No. 30 was laminated at 108 ° C. under a condition of 3 kg / cm ² , and the dry film was irradiated with a long-wavelength ultraviolet ray of 320 to 400 nm to form a 2 μm ink-repellent film in the same manner as in Example 1.

This was immersed in a 5% NaOH solution heated to 50 ° C., and the dry film was peeled off to obtain a nozzle plate.

When the obtained nozzle plate was evaluated in the same manner as in Example 1, similar results were obtained.

Comparative Example Using a conical punch, the opening diameter on the ink supply side was 80 μm.
m, a nozzle plate was prepared in the same manner as in Example 1 except that a conical nozzle hole having an opening diameter of 42 μm on the ink ejection side was formed. When this nozzle plate was bonded to a piezo-type actuator to produce an ink jet head, and ink was ejected, the ejection speed, ejection direction, and ejection amount among the nozzles varied greatly, and the image quality was significantly deteriorated.

[0050]

According to the present invention, since a funnel-shaped nozzle hole having a cylindrical thin portion at the tip is formed, no resin enters the cylindrical thin portion at the tip during masking. Since the inside of the nozzle hole is subjected to the ink-repellent treatment at a predetermined depth, the meniscus can be stably maintained, the meniscus position does not fluctuate for each nozzle, and an inkjet head having stable ejection performance can be obtained. The durability of the ink processing film is excellent, and stable ejection can be performed for a long time.

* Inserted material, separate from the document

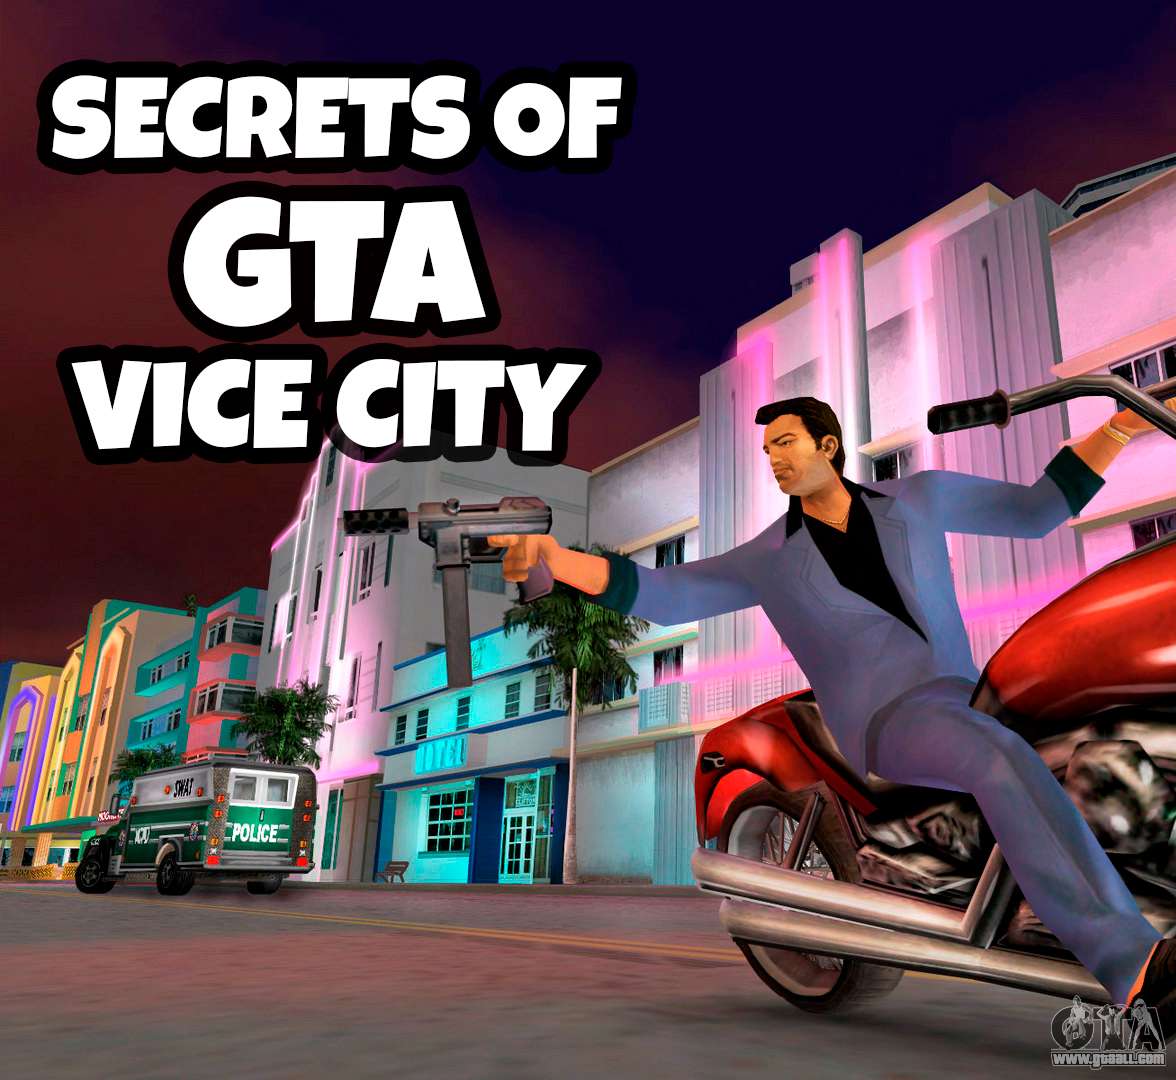 Secrets Hints And Tips For The Game Gta Vice City

[Brief description of the drawings]

FIG. 1 is a diagram illustrating a method for forming a nozzle hole.

FIG. 2 is a diagram schematically showing an ink-repellent film forming process of the present invention.

[Explanation of symbols]

 DESCRIPTION OF SYMBOLS 1 Nozzle plate (substrate) 2 Punch 3 Die 4 Pin holder 51 Small diameter part 6 Photosensitive resin 7 Ink-repellent film

Claims (2)

[Claims] 1. A funnel-shaped nozzle hole having a cylindrical small diameter portion at a tip portion is pierced in a substrate, and the substrate is immersed in a photosensitive resin solution and pulled up or spin-coated with the solution.
After developing by irradiating ultraviolet rays, the resin on the ink discharge side is removed to fill the inside of the nozzle hole except for the small-diameter portion, and an ink-repellent film is formed by at least one selected from electrodeposition coating and plating. A method of manufacturing a nozzle plate of an ink jet head, wherein the filled resin is removed and an ink repellent treatment is performed. 2. A substrate is provided with a funnel-shaped nozzle hole having a cylindrical small diameter portion at a tip end thereof, and a photosensitive resin sheet is superposed and attached on an ink supply side surface of the substrate, and the resin is pressed and compressed.
The resin is filled inside the nozzle hole except for the small-diameter portion by heating and pushing the inside of the nozzle hole to cure the resin by irradiating ultraviolet rays, an ink-repellent film is formed by electrodeposition coating, and the filled resin is removed. And producing a nozzle plate of an ink jet head.